§ **Work to complete**
Apart from the pictures, return every line of the listing exactly.

§ **Supplied information**
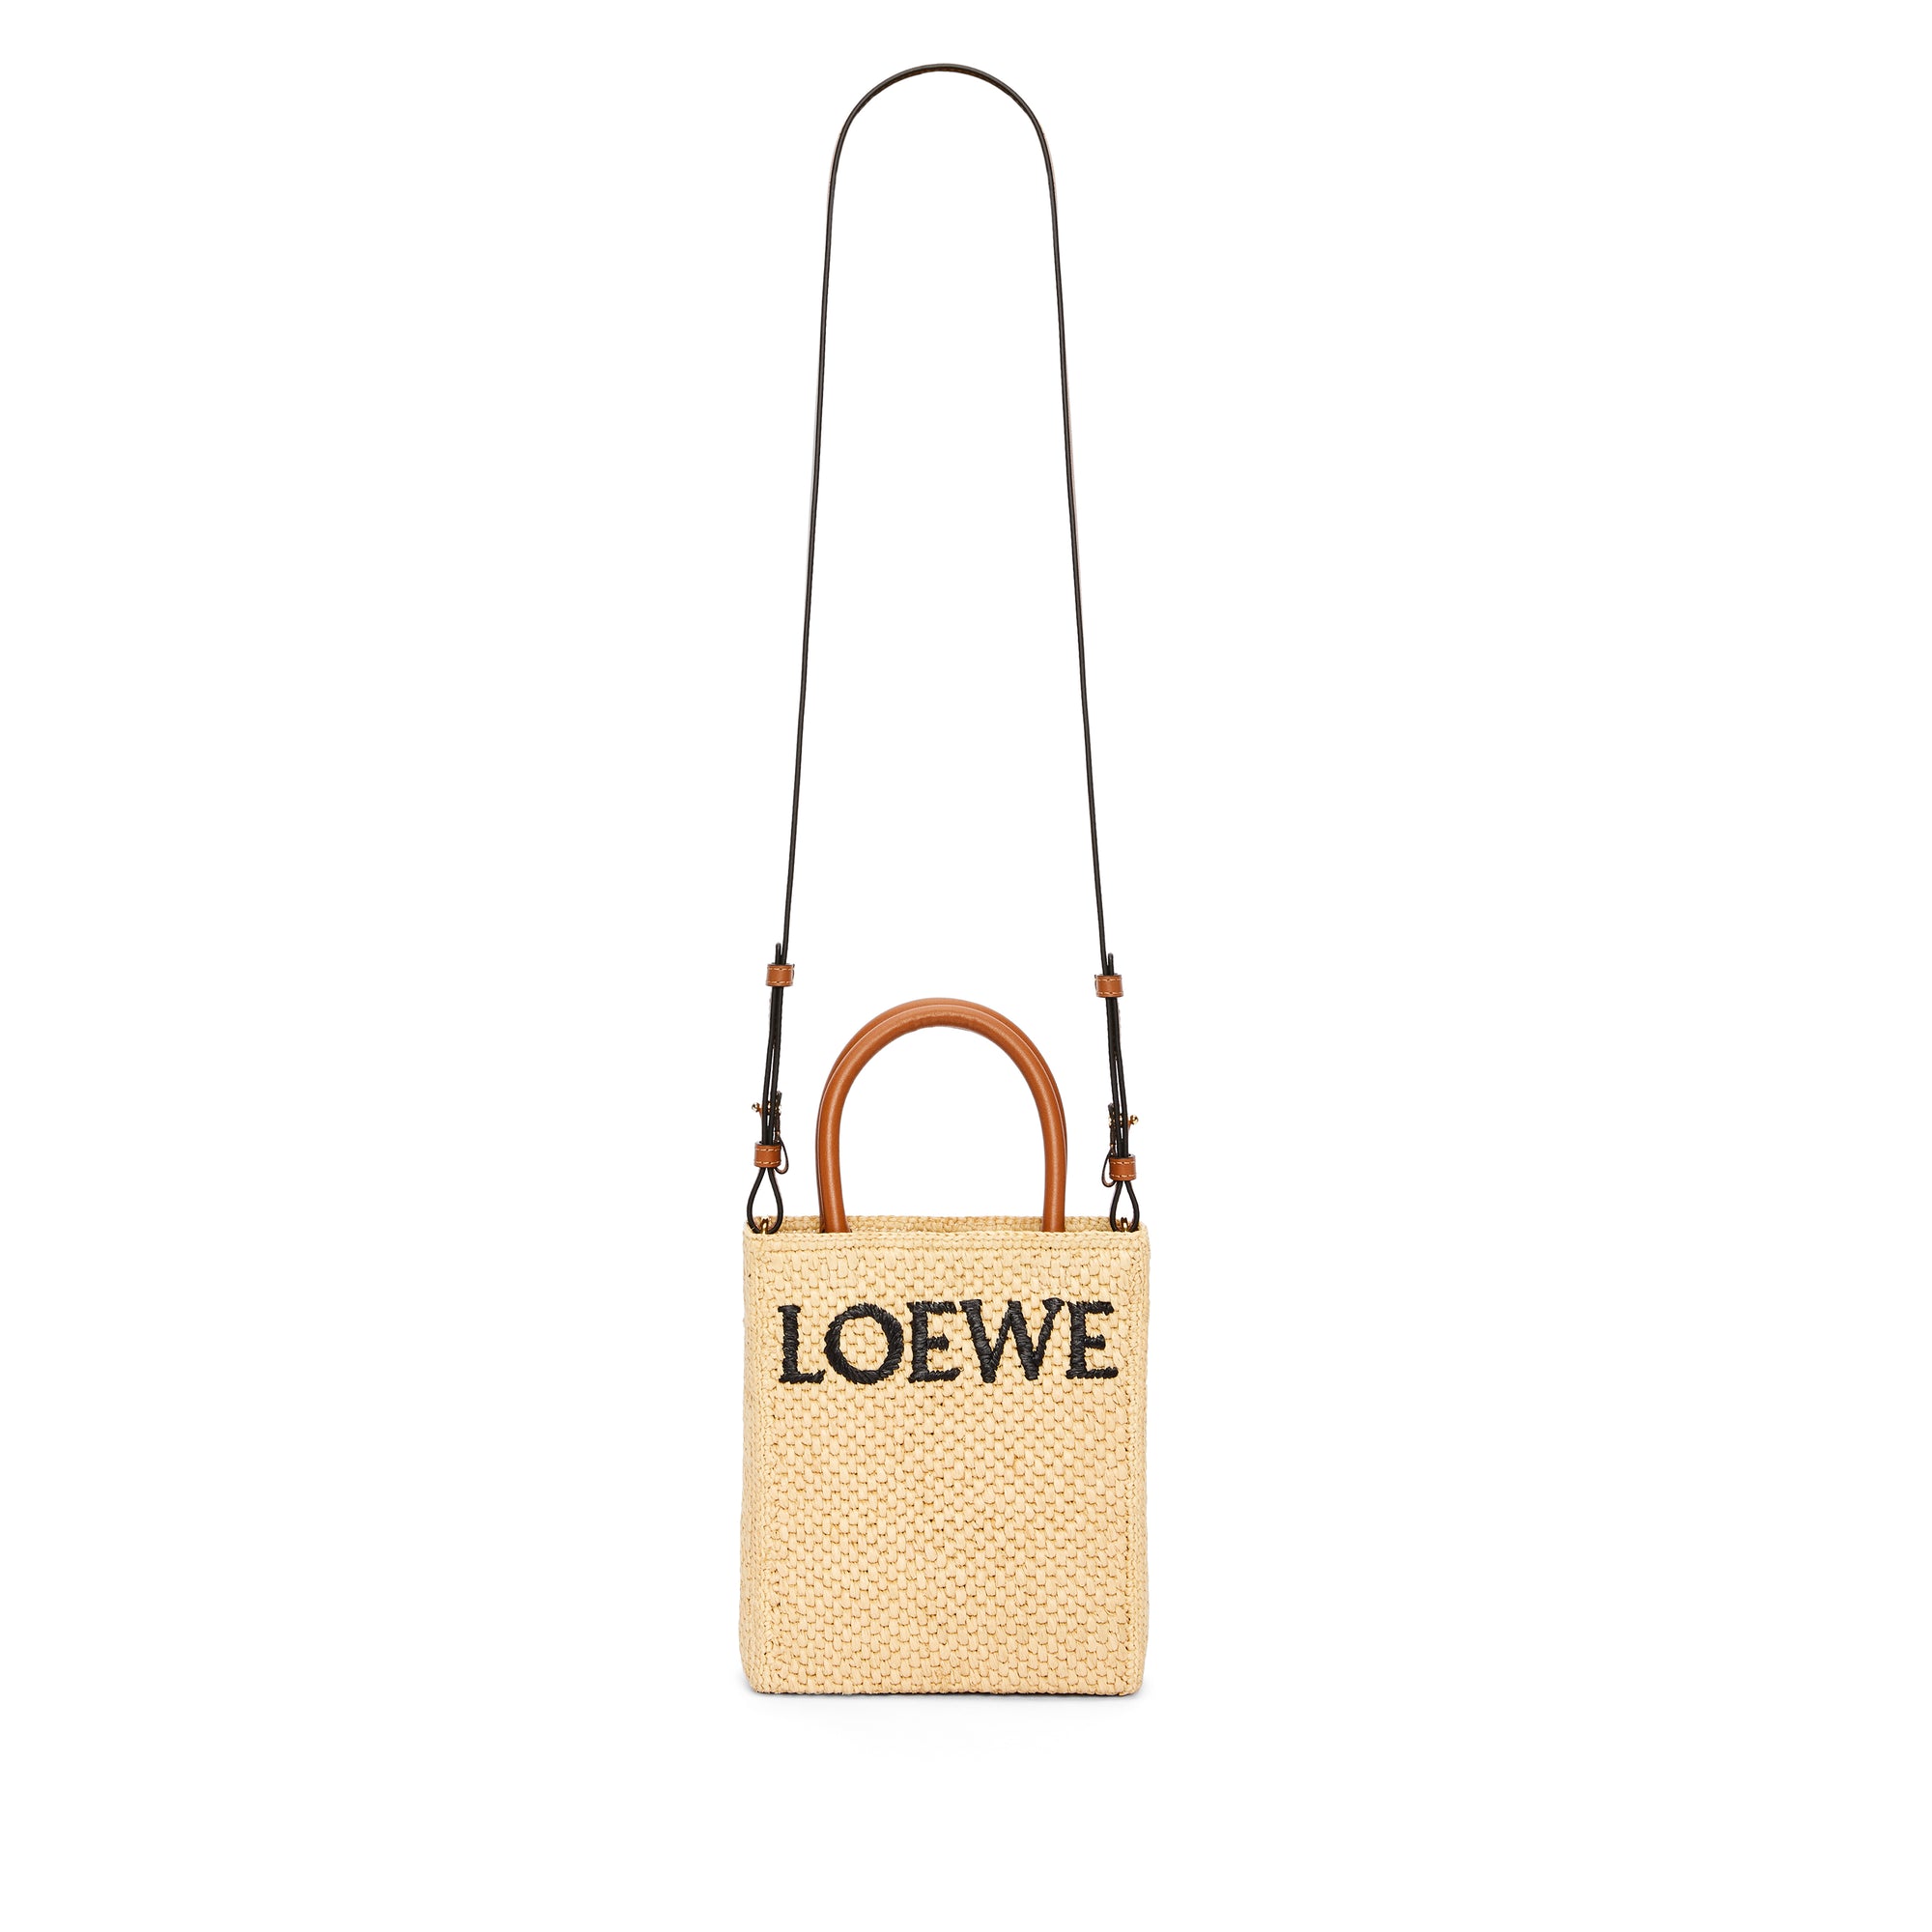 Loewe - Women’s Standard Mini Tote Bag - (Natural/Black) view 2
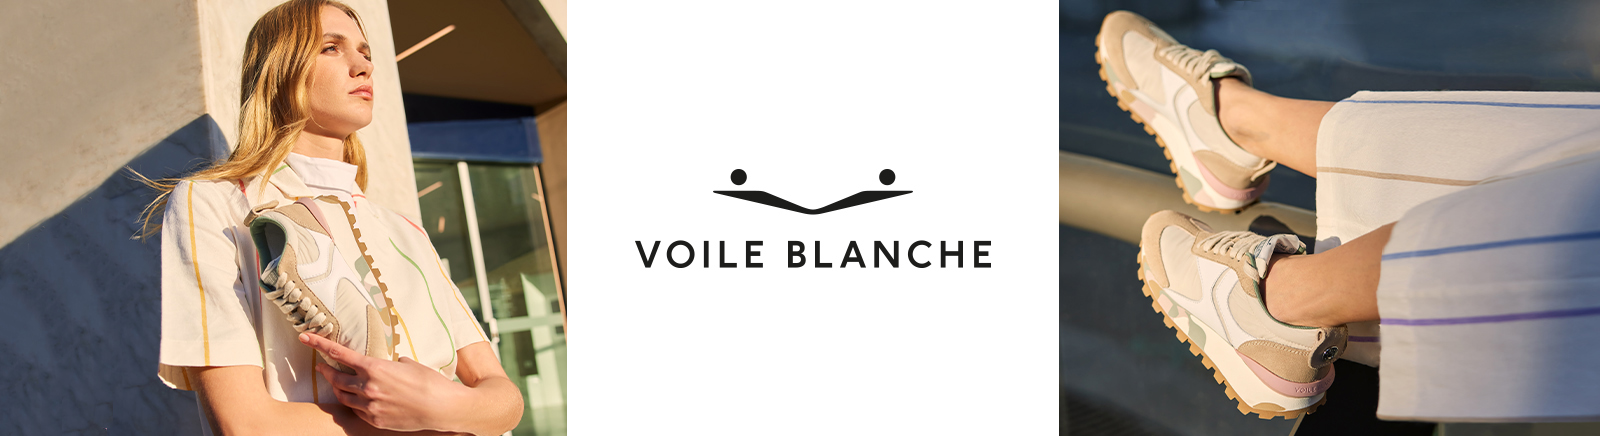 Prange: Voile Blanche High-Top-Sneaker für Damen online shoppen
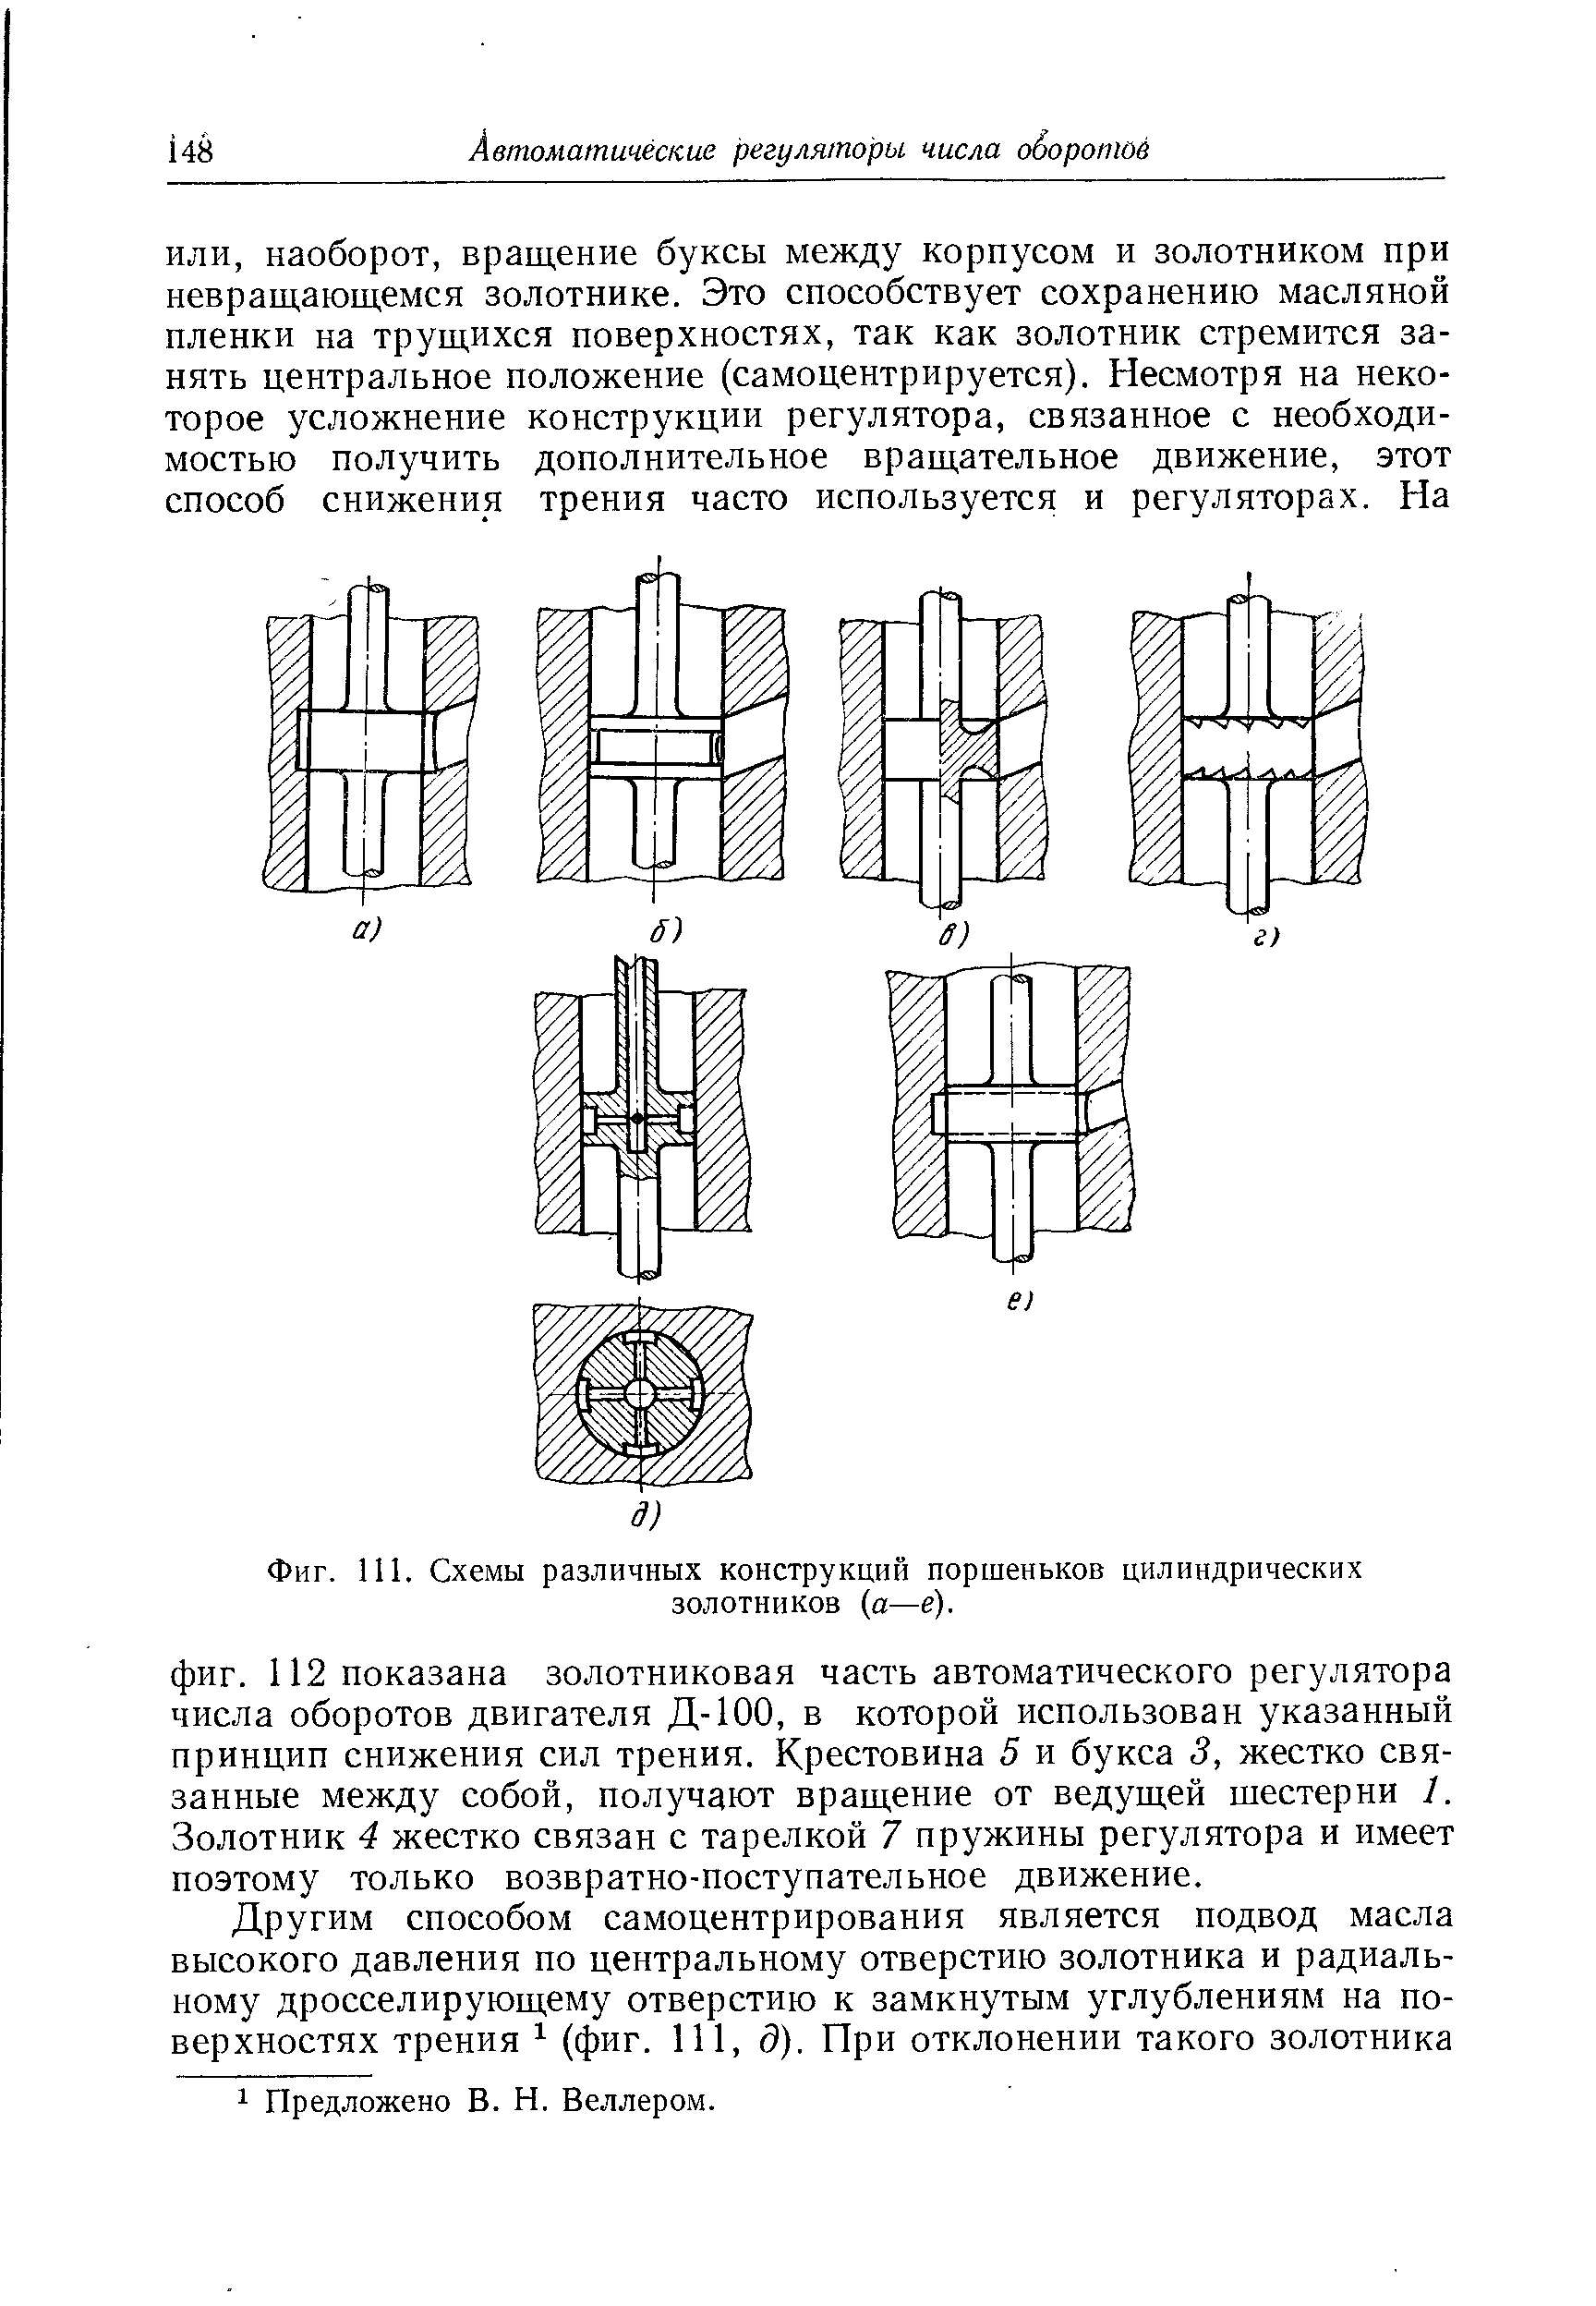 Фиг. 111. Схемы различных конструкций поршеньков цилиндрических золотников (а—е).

§ **Expected answer**
 Loewe - Women’s Standard Mini Tote Bag - (Natural/Black) view 2
 Prange: Voile Blanche High-Top-Sneaker für Damen online shoppen
 Фиг. 111. Схемы различных конструкций поршеньков цилиндрических золотников (а—е).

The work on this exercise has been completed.